Bireysel başvurudaki 11 yıllık tecrübenin bir başarı hikâyesi olduğunu vurgulayan Arslan, “Yaşanılan tüm zorlukları, demokratik hukuk devletine kasteden darbe girişimini, ardından ilan edilen olağanüstü hâli, salgın hastalıklar ve depremlerin ortaya çıkardığı olağan dışı durumları ve bunların da etkisiyle her geçen gün ağırlaşan iş yükünü düşündüğümüzde bu başarının daha da anlamlı olduğu anlaşılacaktır. Bu zorluklar arasında iş yüküne özellikle değinmek gerekiyor. Geride bıraktığımız 11 yıl içinde Mahkeme’ye 555 binden fazla başvuru yapılmış, bunun 425 bin kadarı, yani yaklaşık yüzde 77’si karara bağlanmıştır. Anayasa Mahkemesinin önünde hâlen 130 bin civarında derdest başvuru bulunmaktadır. Mahkememiz geçen yıl yaklaşık 74 bin, bu yıl da şu ana kadar yaklaşık 52 bin başvuruyu karara bağlamıştır” ifadelerine yer verdi.

“ANAYASA MAHKEMESİ BİREYSEL BAŞVURUDA TEMYİZ MERCİİ DEĞİLDİR”

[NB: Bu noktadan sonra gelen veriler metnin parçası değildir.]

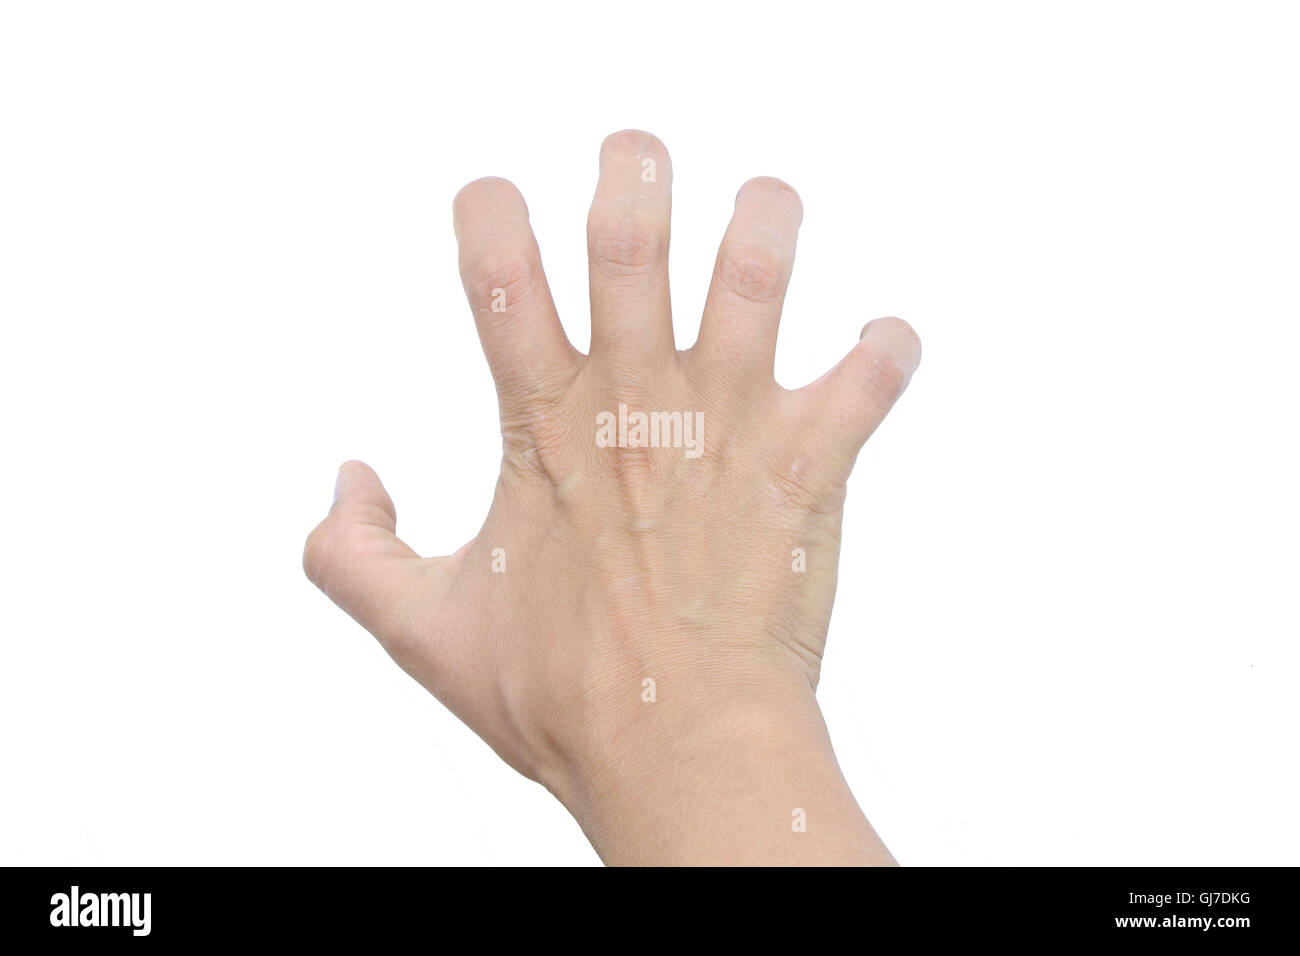 Handbewegung. Punkt fünf, geben fünf, weißer Hintergrund, isoliertes Objekt, krumme Finger, Maniküre fehlen, weiße hand Stockfoto

Bireysel başvurunun etkili bir şekilde yoluna devam etmesi onun olağan bir kanun yolu olmadığının, tersine ikincil nitelikte bir hak arama yolu olduğunun kabul edilmesine bağlı olduğunu belirten Arslan, konuşmasını şöyle sürdürdü: “Gerçekten de bireysel başvuruda Anayasa Mahkemesi ne hak ihlali iddialarını doğrudan ve ilk elden inceleyen bir mahkeme, ne de bir temyiz merciidir. İş yükünün azaltılması ihlal kararlarının gereğinin yerine getirilmesine bağlıdır. Bu anlamda Anayasa Mahkemesinin verdiği bir ihlal kararından sonra, ihlalin kaynağına göre yasama, idare veya mahkemelerin bir yandan somut ihlali ortadan kaldırmaya diğer yandan da benzeri yeni ihlallerin engellenmesine yönelik tedbirler alması hayati derecede önemlidir. Bu yapılmadığında, çözüme bağlanmış aynı anayasal meseleye ilişkin tüm uyuşmazlıkların tekrar tekrar Anayasa Mahkemesinin önüne taşınması söz konusu olmaktadır. Bu durumun bireysel başvuru yolunun etkili bir şekilde sürdürülmesini zorlaştıracağı ise izahtan varestedir.Tam da bu nedenle bireysel başvurunun sağladığı kazanımların gelecek nesillere aktarılması sadece Anayasa Mahkemesinin değil, yasama organı ve mahkemeler başta olmak üzere tüm kurum ve kuruluşlarımızın ortak görevi ve sorumluluğudur.”